TASK DESCRIPTION:
Return nothing but the lines from the one containing "Il s'agit d'une" through the end of the records below, exactly as they stand and without pictures.

Records excerpted from a collection
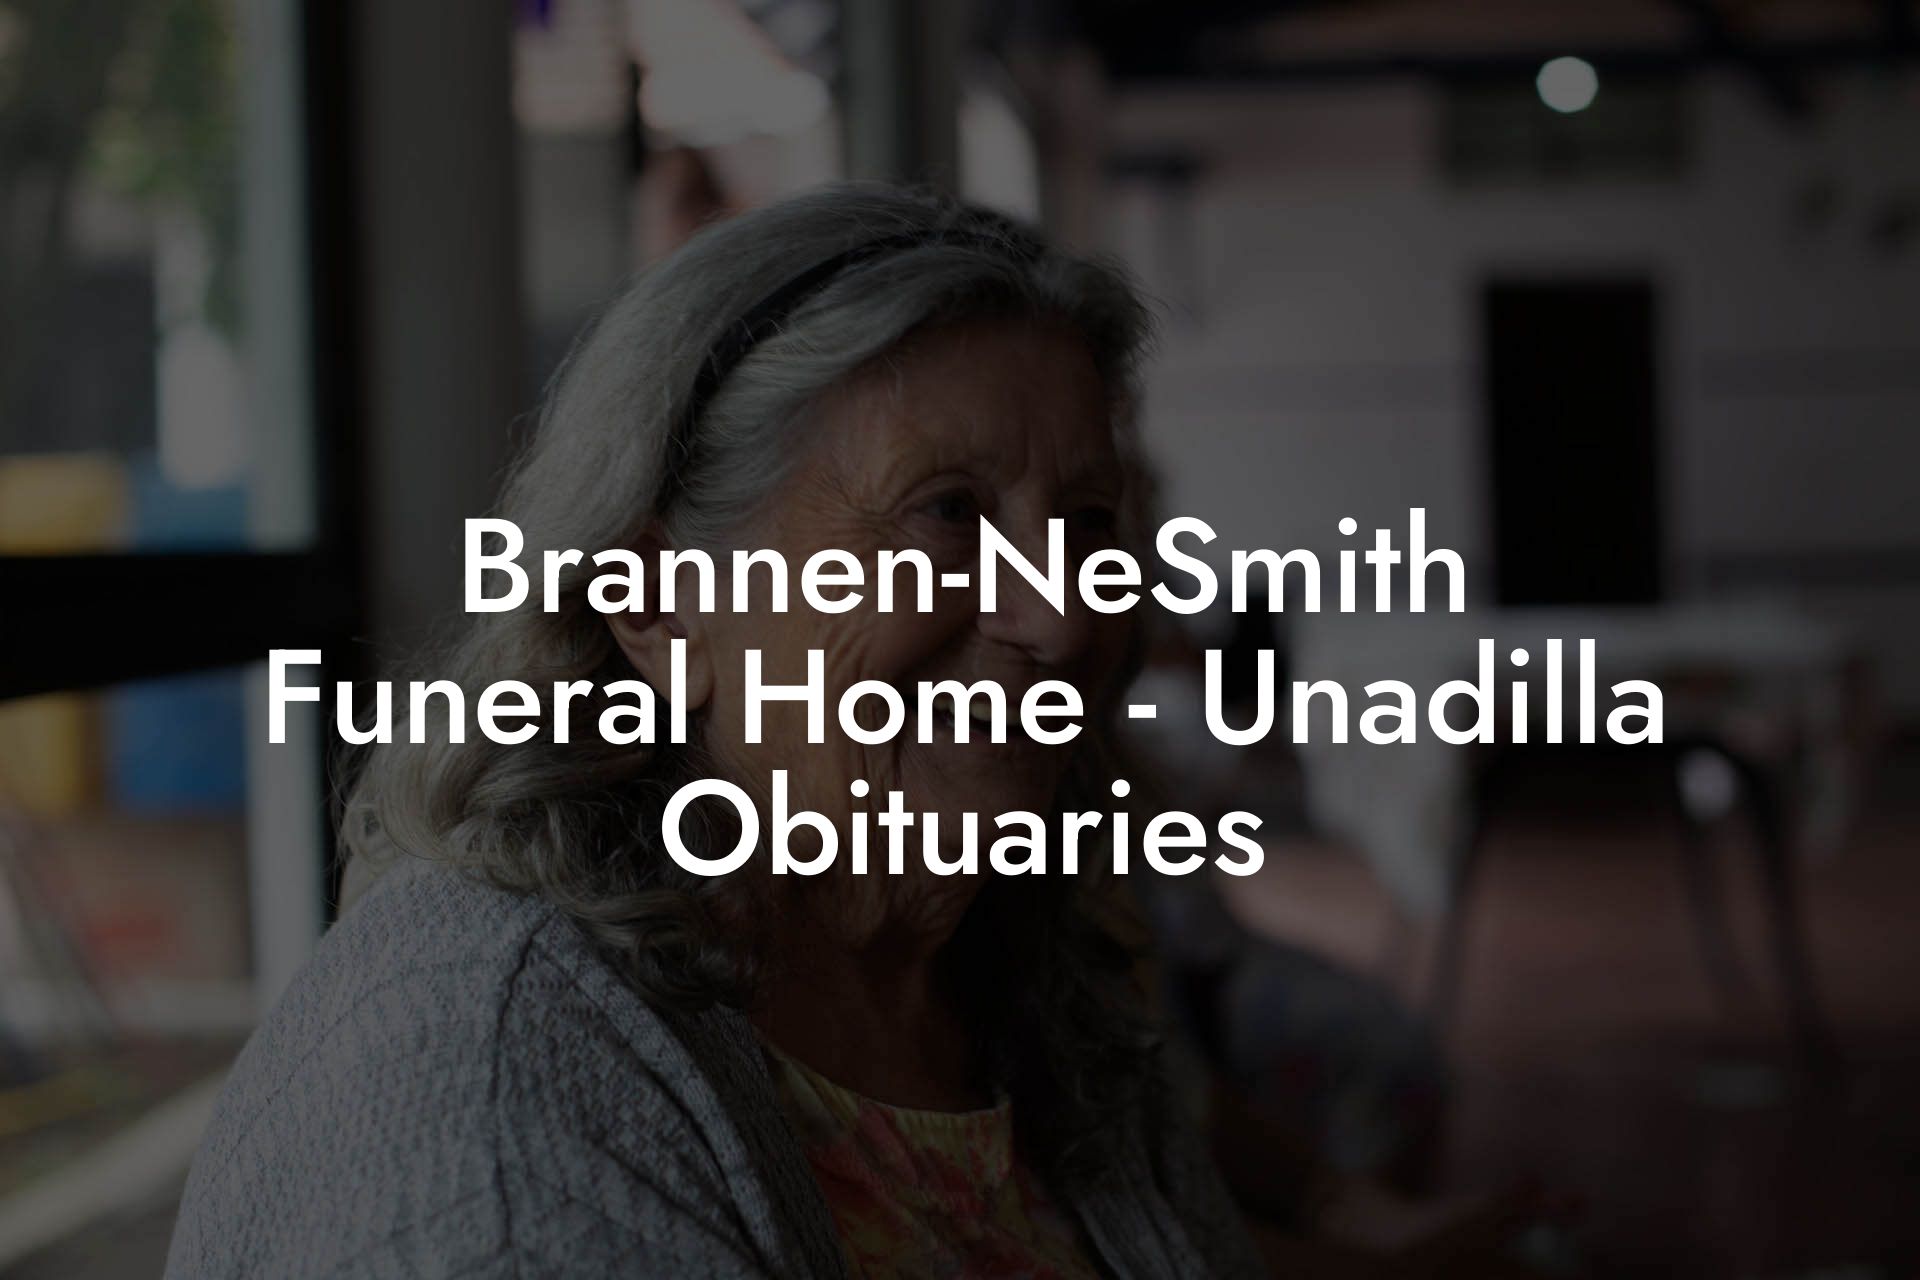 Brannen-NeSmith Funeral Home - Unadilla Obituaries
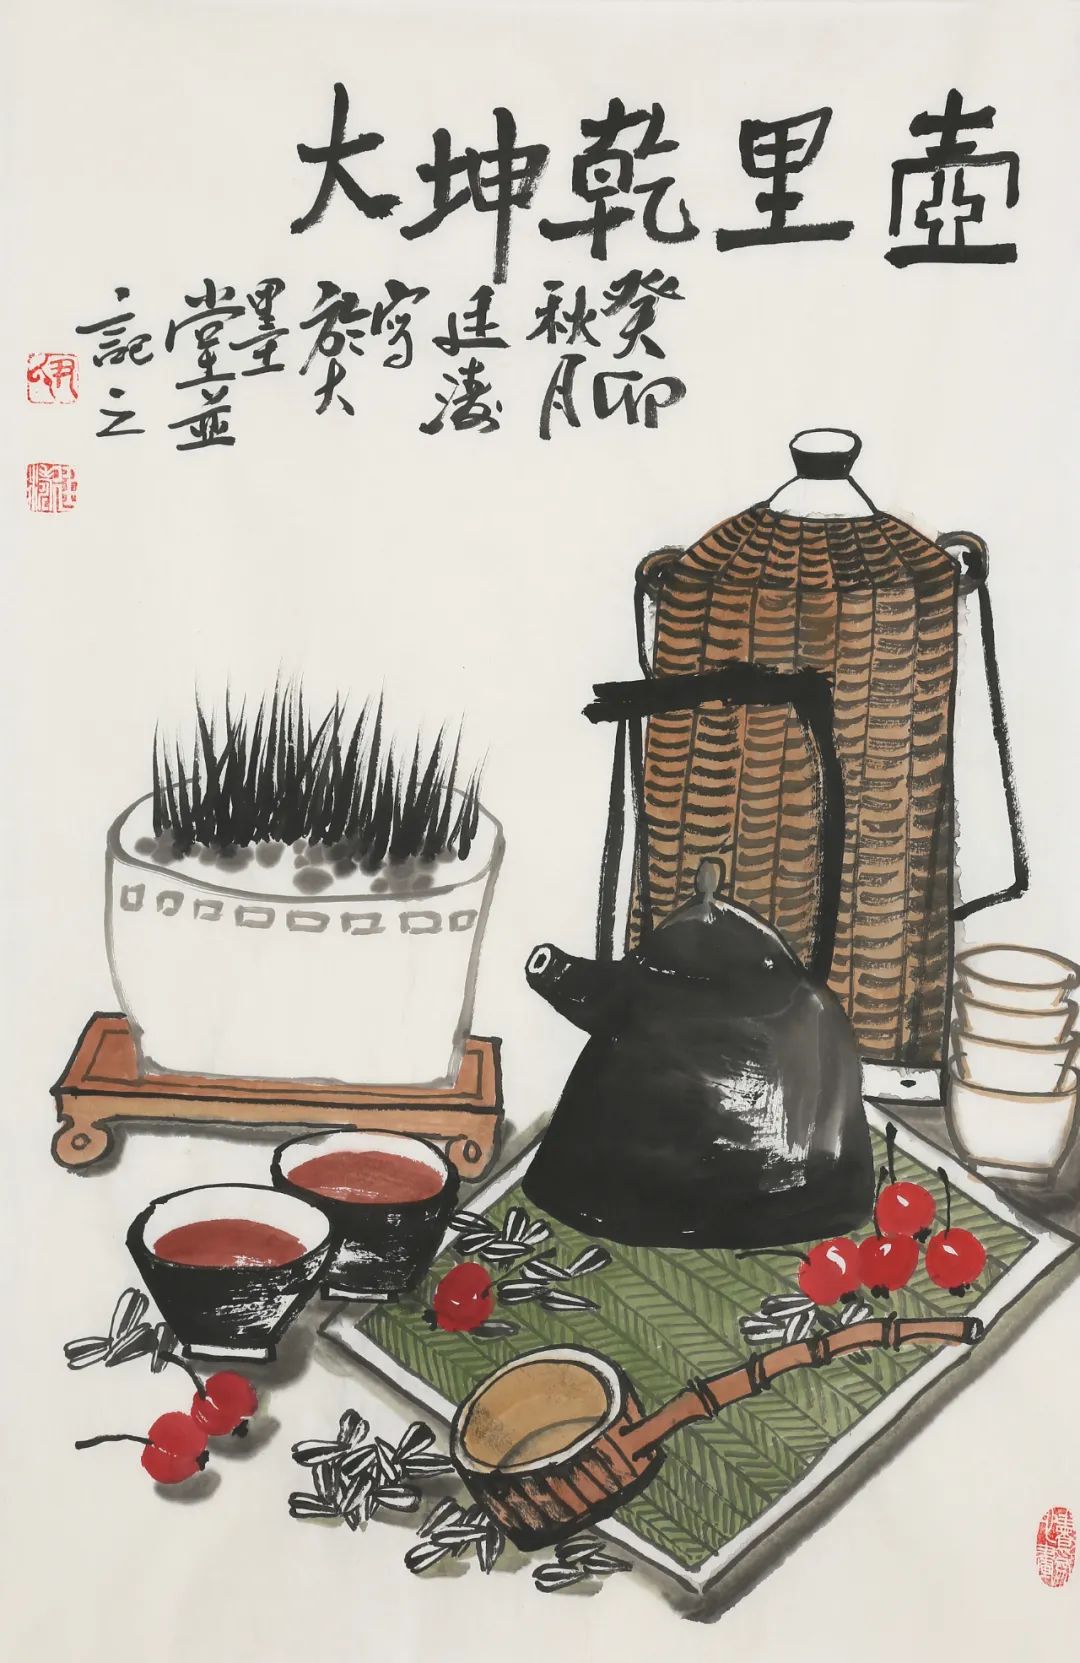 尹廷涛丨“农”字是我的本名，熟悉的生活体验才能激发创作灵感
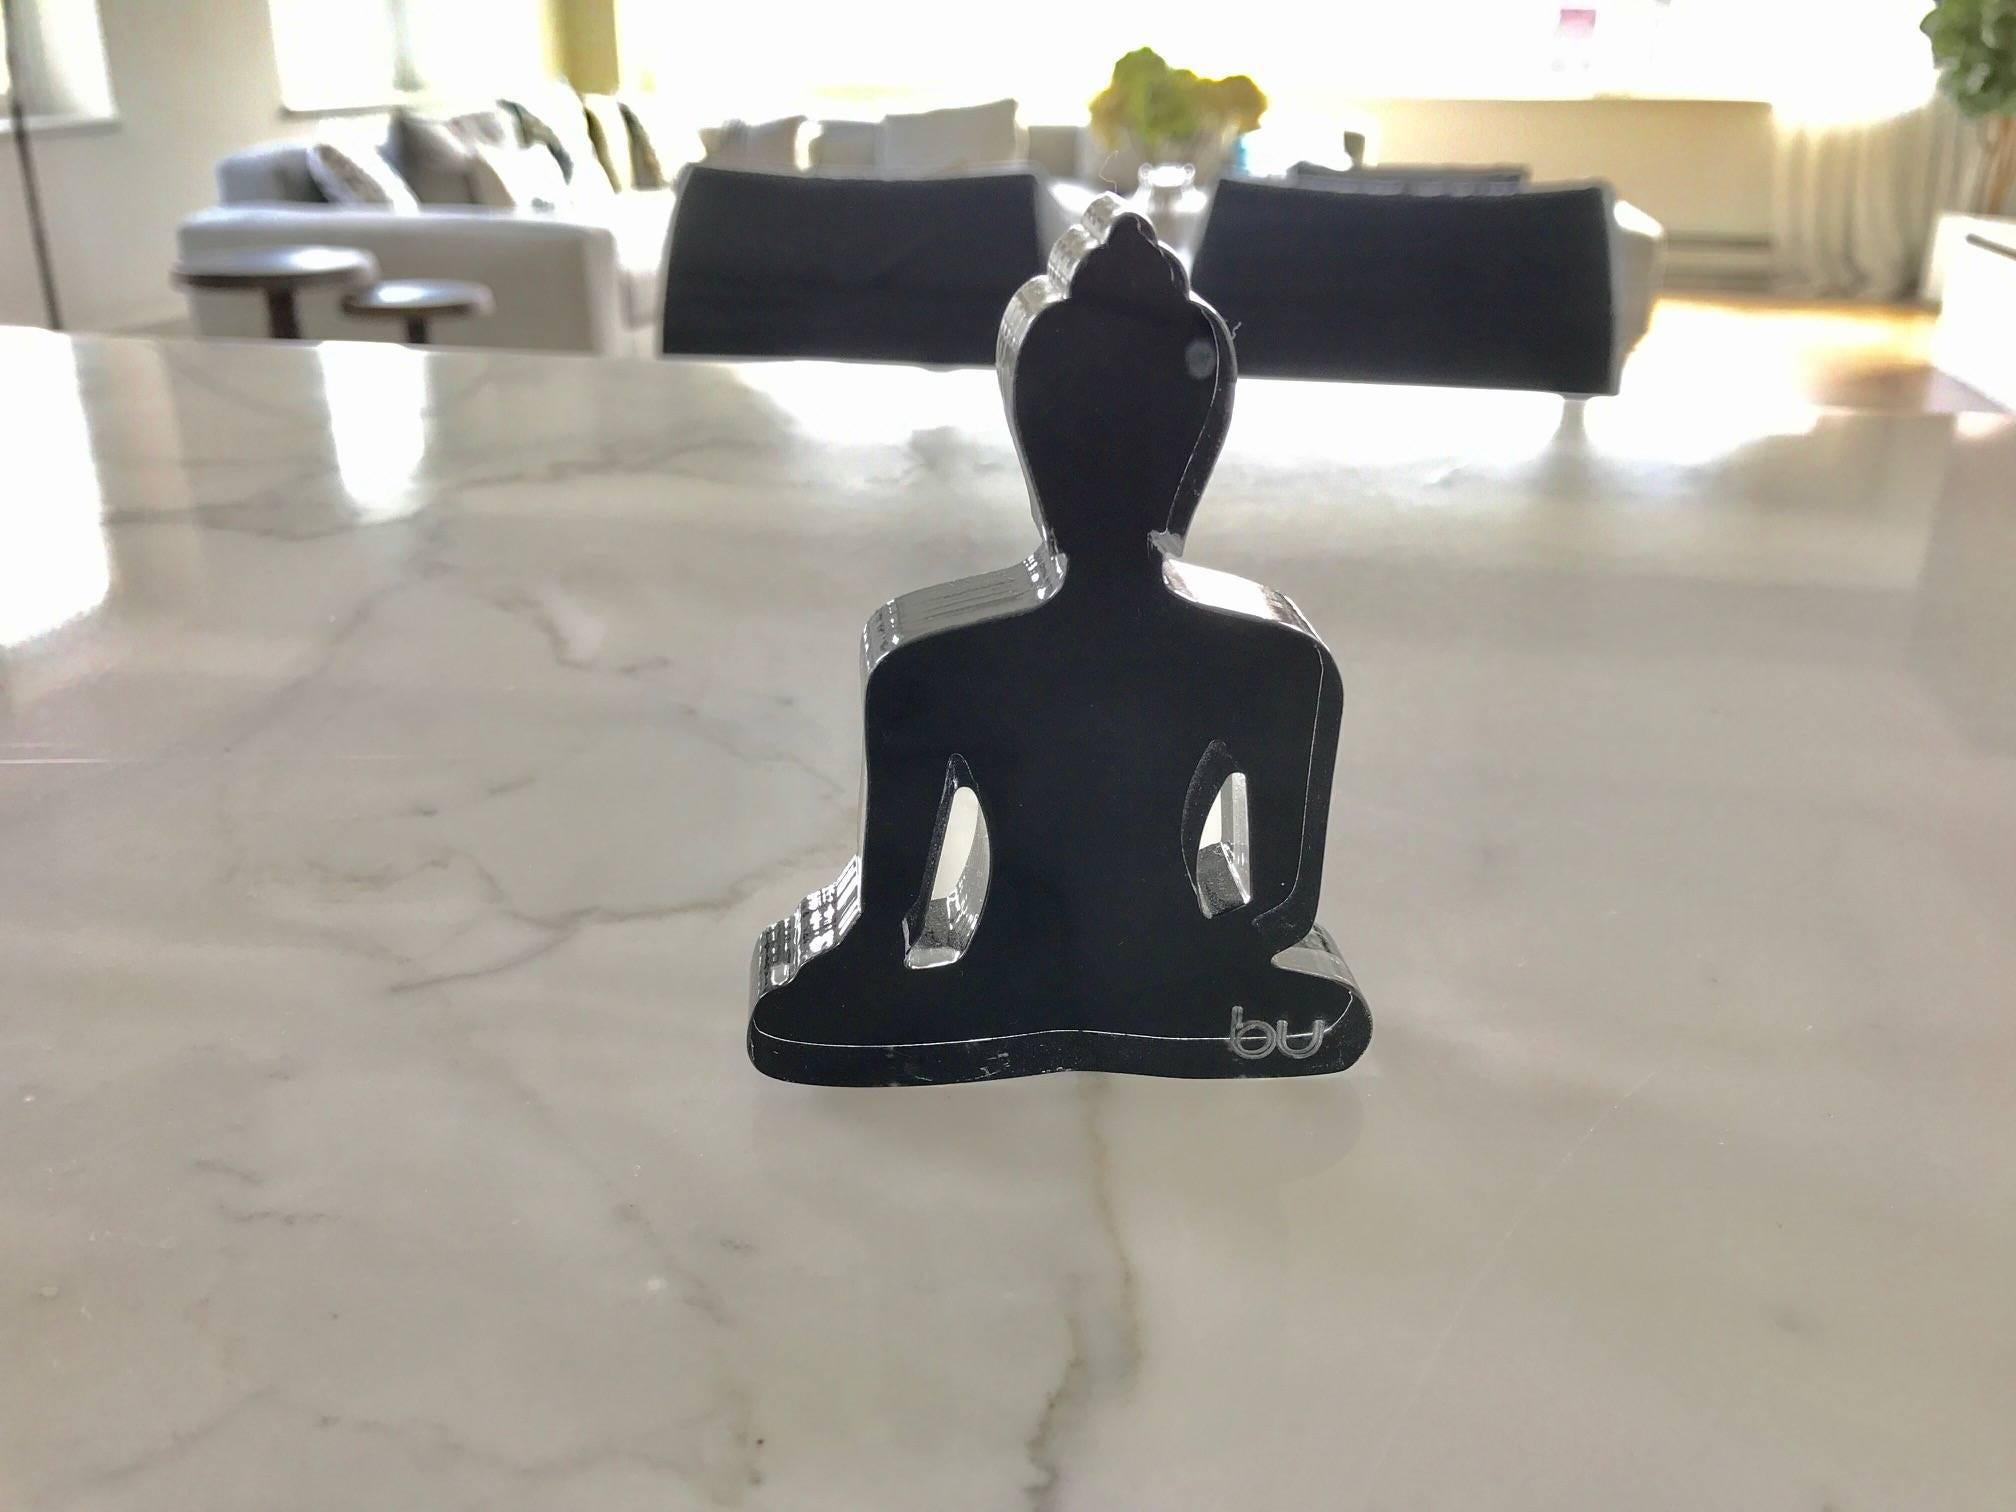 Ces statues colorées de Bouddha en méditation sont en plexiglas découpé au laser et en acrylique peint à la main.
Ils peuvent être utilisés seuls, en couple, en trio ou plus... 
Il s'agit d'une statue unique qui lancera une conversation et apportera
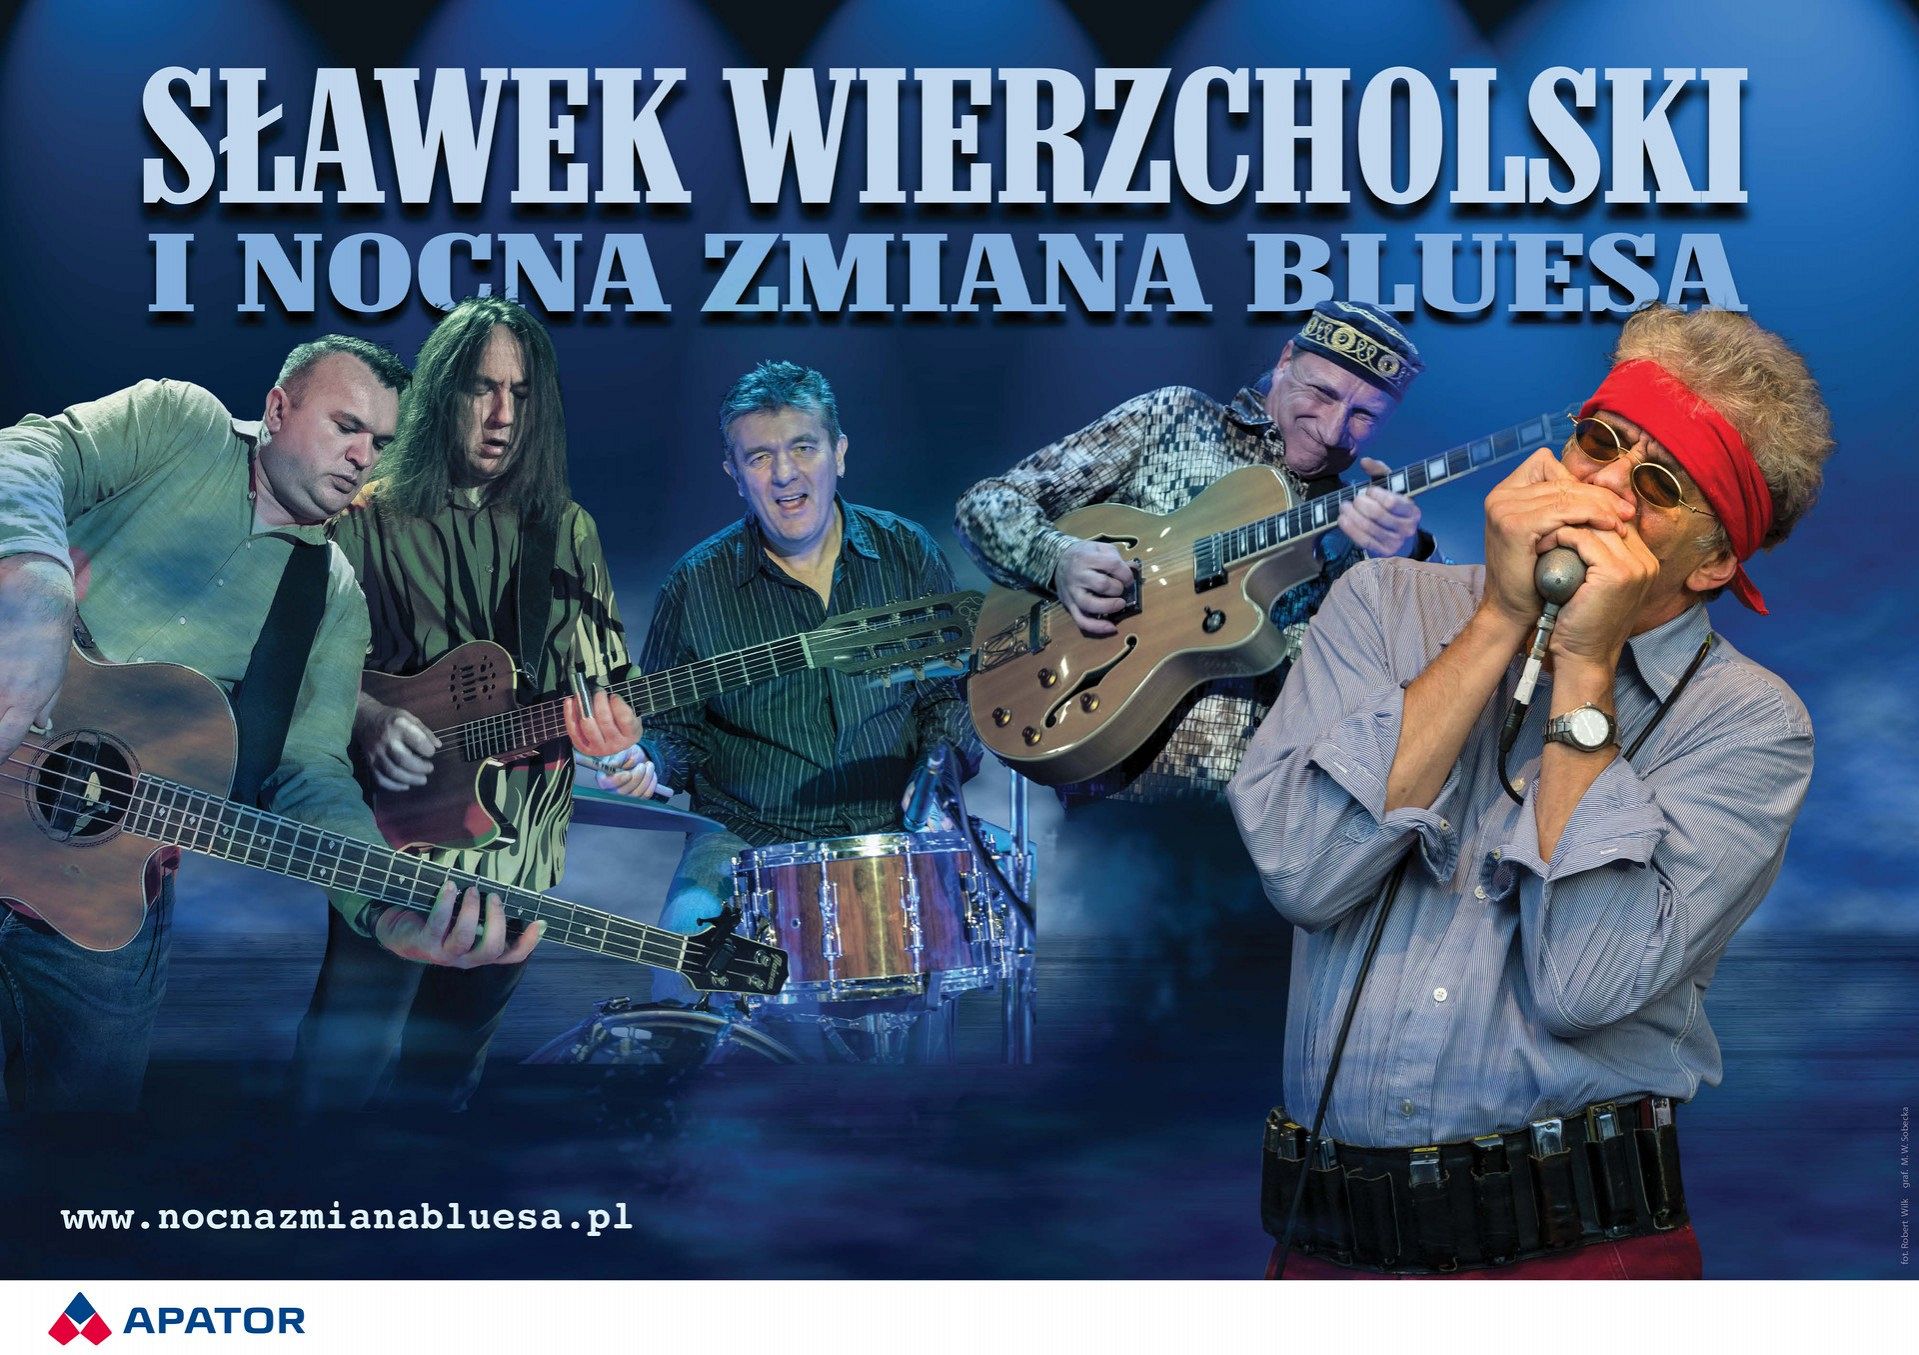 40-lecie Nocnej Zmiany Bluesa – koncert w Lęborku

TASK RESULT:
Il s'agit d'une statue unique qui lancera une conversation et apportera
 40-lecie Nocnej Zmiany Bluesa – koncert w Lęborku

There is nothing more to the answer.